Proptech Needs to Complement, Not Replace, Interaction Between Tenants and Property Managers

Proptech Needs to Complement, Not Replace, Interaction Between Tenants and Property Managers

Proptech Needs to Complement, Not Replace, Interaction Between Tenants and Property Managers


Much has been written recently about the ways in which proptech is being utilized by commercial real estate developers and investors seeking to gain an edge on the competition. This past May, The New York Times proclaimed that proptech was doing nothing short of reshaping the commercial real estate sector, which has lagged behind other industries when it comes to embracing innovation. The paper of record forecast that tech tools geared to the way properties are bought, sold and managed were poised to shake up commercial real estate in the same way tech permutations have altered other industries. These include the impact of Uber and Lyft on the taxi business and Airbnb’s influence on the traditional lodging industry, the Times pointed out.

If the overall commercial real estate industry has been slow to adopt new methods, property management is one of the last bastions within the sector to embrace change.

According to the 2020 commercial real estate outlook from Deloitte, tenant experience may be a top priority, but for a majority of those surveyed digital tenant experience is not a core competency.

Respondents, however, recognized that emerging technology not only could improve the tenant experience, but could also increase the operational efficiency of their properties and, thus, lower costs. The Deloitte’s survey found that that 92 percent of the 750 respondents polled planned to maintain or increase their tenant experience-related tech investments over the next 18 months.

Undoubtedly, there is a great deal of efficiency and ease that is provided through property management software systems. At Olive Hill, for instance, the Energy Management System allows us to operate our heating and cooling building systems by suite without having to physically adjust the actual equipment. These systems allow engineering teams to spend more time addressing complex matters involving the overall operations of the buildings’ systems.

We are also in the process of implementing a new tenant service and work order portal within our office portfolio, starting with our property at 520 Broadway in Santa Monica, Calif., located in the heart of Silicon Beach. The portal will address the ease-of-use and convenience that tenants are demanding today by providing information in one centralized online location. Tenants can access and submit requests for services, such as after-hours air-conditioning, access cards, freight elevator reservations, and both tenants and property managers can track the status of inquiries until they are completed. Tenants will also be able to reserve amenities seamlessly online, such as bikes, ping pong tables or putting greens. This provides efficiencies for both sides.

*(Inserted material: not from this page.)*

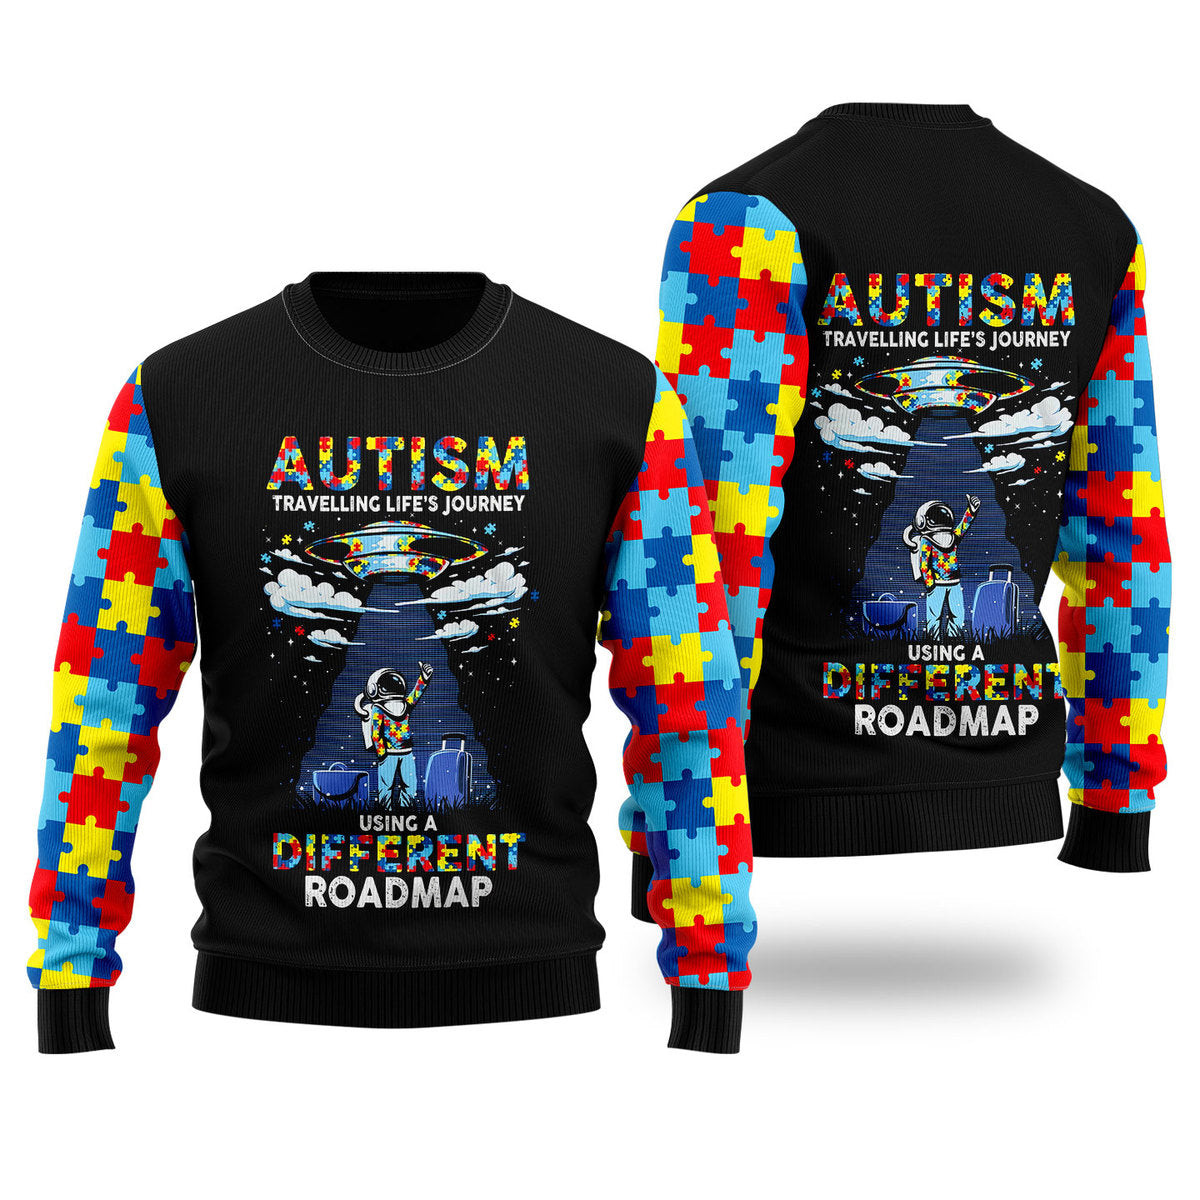 Autism Using A Different Roadmap Ugly Christmas Sweater Ugly Sweater For Men Women, Holiday Sweater

As helpful as these systems are for improving operating capabilities and enhancing the digital tenant experience, they undoubtedly take away from personal interaction between property managers and tenants.

If tenants only connect with property managers though electronic means, they can become alienated and dissatisfied when their needs aren’t being adequately addressed. This is similar to the frustration customers feel when a service line devolves into a phone tree menu that takes them into an infuriating warren of automated choices without providing an actual person to speak to. Irritated tenants, of course, don’t tend to renew leases. Frequent tenant turnover and vacancies can erode profits and destabilize a commercial asset.

To avoid such pitfalls, technology needs to be used in combination with property managers’ traditional skill set and direct tenant interaction. Historically, the biggest challenge for property managers is having enough time to engage with tenants outside of the reporting and system oversight aspects of the role.

When proptech is used in combination with a property manager’s analytical skills, such tools can maximize tenant engagement. For example, if there’s a work order request that keeps getting filed from the same tenant, a property manager can initiate a direct call to the tenant to figure out how best to address it. This could also involve follow-up by both building management and engineering, depending on the issue. In terms of our own tenant portal, property managers can request feedback about building services and perks online or in-person when tenants come to pick up or return physical amenities.

Perhaps it’s best to think of proptech as a “back of the house” tool, much like in a restaurant setting where the expression comes from. The back of the house are the parts of the restaurant that diners don’t typically see, such as the kitchen, offices or storage rooms, which are integral to running the business and servicing customer needs. “Front of the house,” meanwhile, includes the restaurant portions and staff visible to diners, including waiters, hosts, bartenders and greeters that provide direct, personal service that can make or break their experience and, consequently, the business. Property managers need to utilize proptech in a similar way, so that high-tech tools complement, but do not supplant or take away from the all-important personal touch.